The find_motif() works the same on VariantGenome as on the reference genome:

>>> variant = genome.variant("chr7:117231980::TTAGTT")  # Insertion
>>> variant_genome = VariantGenome(genome, variant)
>>> motif = 'AG'
>>> matches = variant_genome.find_motif(interval, motif,
...                                     match_position='3p')
>>> matches
[Interval("chr7", "+", 117231979, 117231979, "hg19", 117231979, 4),
 Interval("chr7", "+", 117231987, 117231987, "hg19", 117231987),
 Interval("chr7", "+", 117232020, 117232020, "hg19", 117232020)]

The result are the previous two matches plus a third one where we inserted the motif into the reference sequence. This is a special case since the position within the insertion has no alignment to the reference genome. In this case the interval has its anchor_offset attribute set to four to indicate that the motif matches at the fourth position in the insertion.

Sharing new data files

Data such as assemblies, annotations, tracks, etc is stored in custom-built binary files. APIs for building these files are provided as part of the API. GenomeKit first searches for data files in the directory specified by the environment variable GENOMEKIT_DATA_DIR, defaulting to appdirs.user_data_dir("genome_kit"). If the file is not found, by default GenomeKit attempts to download it from a public read-only Google Cloud Storage bucket.

You can use your own GCS bucket by setting the environment variable GENOMEKIT_STORAGE_BUCKET, allowing you to upload and share your data files.

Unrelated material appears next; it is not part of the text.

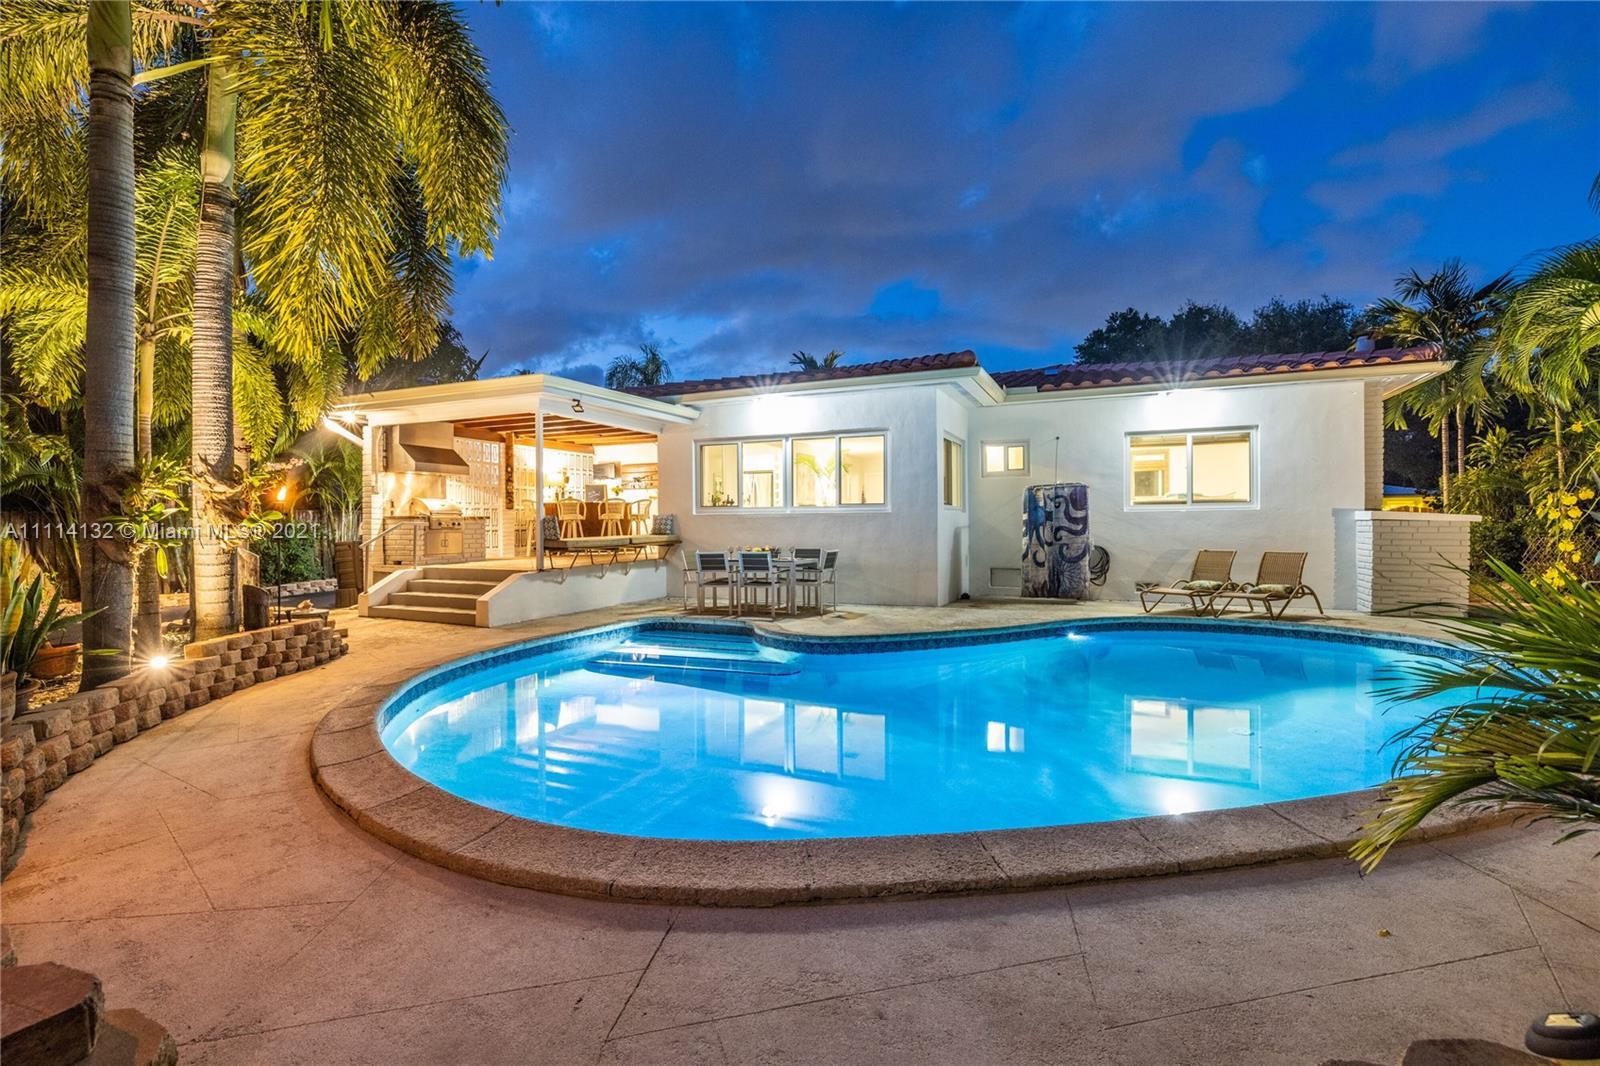 Single Family Home,For Sale,960 NE 92nd St, Miami Shores, Florida 33138,Brickell,realty,broker,condos near me

If you wish to use a different mechanism to store remote data files, you can provide an implementation of genome_kit.data_manager.DataManager and register it:

class MyDataManager(DataManager):
        def __init__(self, data_dir: str):
            ...

        def get_file(self, filename: str) -> str:
            ...

        def upload_file(self, filepath: str, filename: str, metadata: Dict[str, str]=None):
            ...

gk.gk_data.data_manager = MyDataManager()

# Alternatively, you can install a plugin package that advertises a DataManager implementation
# endpoint under the "genomekit.plugins.data_manager" group. GenomeKit will automatically
# use the plugin's data manager.
# (see https://setuptools.pypa.io/en/latest/userguide/entry_point.html#entry-points-for-plugins)

Logging and troubleshooting

Set the GENOMEKIT_QUIET to any value to suppress logging output.

Set the GENOMEKIT_TRACE to any value to enable trace logging.